No one— whatever weight they are — should be denied the simple pleasure of a free donut. No one should be made to feel that, during a time when the news cycle is relentlessly bleak and traumatic, enjoying food — and not just eating food — is wrong.

Jessi Gold, MD, a psychiatrist and assistant professor for the Department of Psychiatry at Washington University in St Louis, said it best when she tweeted in response to Wen, Gu and their compatriots. 

“So, donuts give you dopamine and dopamine makes you happy,” she posted. “Happy people don’t deserve to be judged for eating a donut… in a time when we have… systemic racism, massive grief, widespread trauma, two mass shootings, a global pandemic, rising rates of depression and anxiety, work from home, school from home, job loss, vacations, cancelled graduations, cancelled weddings, people who haven’t slept, high rates of burnout, political division, among other things… for over a year.”

“They just don’t,” the tweet ended. “Have a MFDONUT.”

So eat your free glazed donut with unabashed happiness and not a single you-know-what given.
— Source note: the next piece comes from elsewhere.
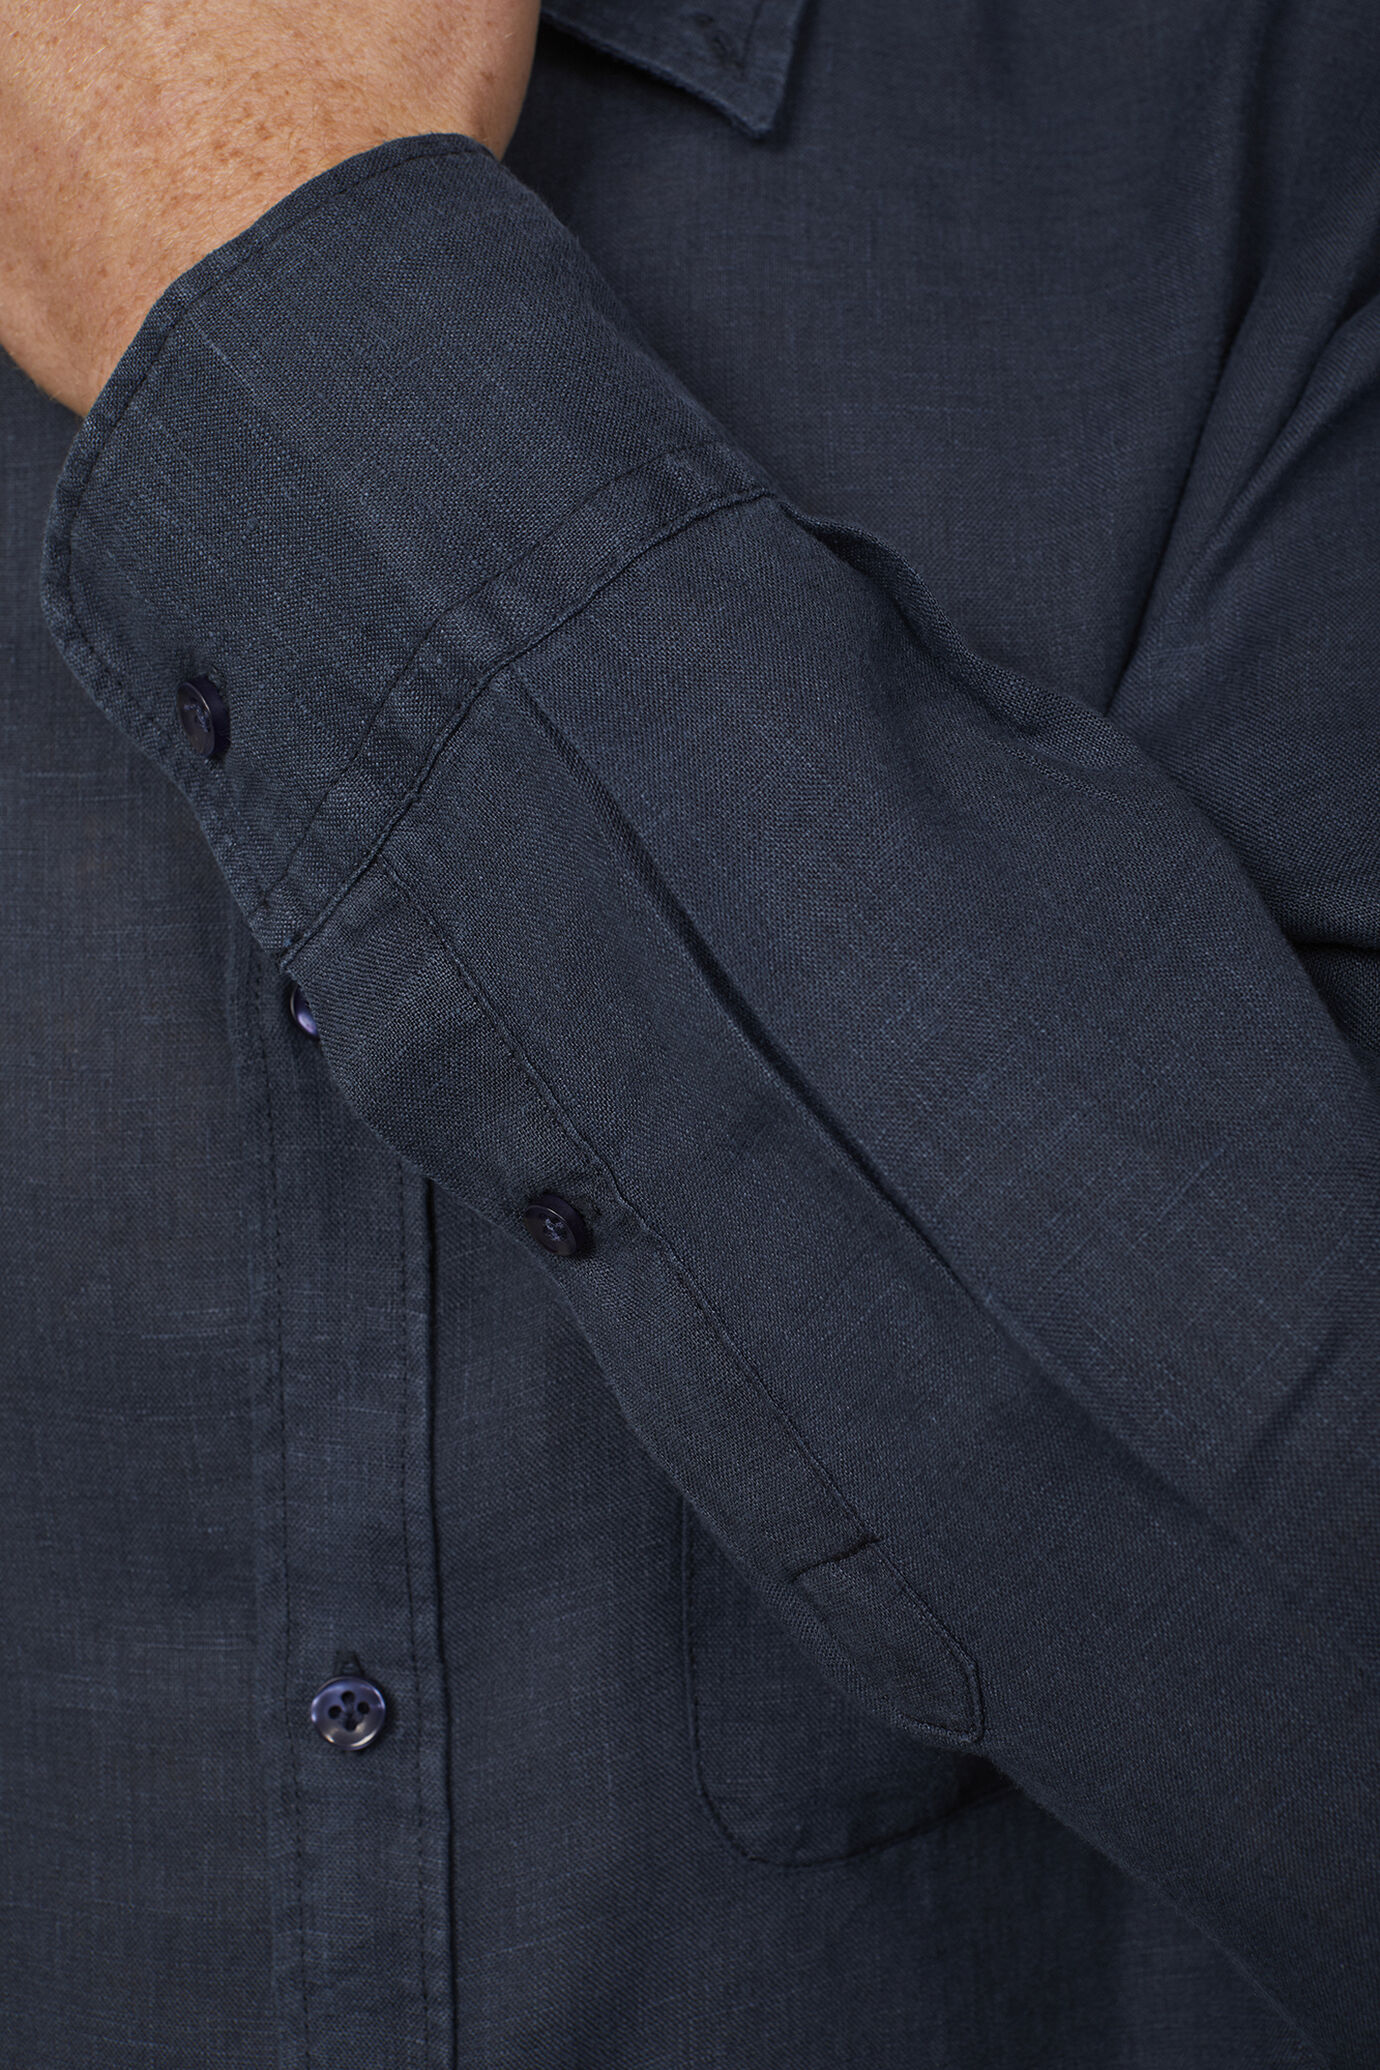 Camicia casual uomo collo button down 100% lino comfort fit image number 4

Don’t buy into the notion that a type of food has some sort of moral value— that food is “good” or “bad” and therefore, depending on what we eat, we’re either “good” or “bad” ourselves. Don’t position weight gain as a failure or fatness as anything other than one of many body types, as worthy of respect, admiration, adoration, and care as any other.

Simply treat food for what it is: a way for us to sustain and enjoy ourselves. In other words, it’s just a donut. Get your priorities straight. And after last year and the beginning of this one, I say to those who would like to see us deprive ourselves of even a second of joy: shut up and let us eat our freaking donuts in peace.

This article was amended on 25 March, 2021, to include references to Dr Wen being a public health professor and an emergency physician.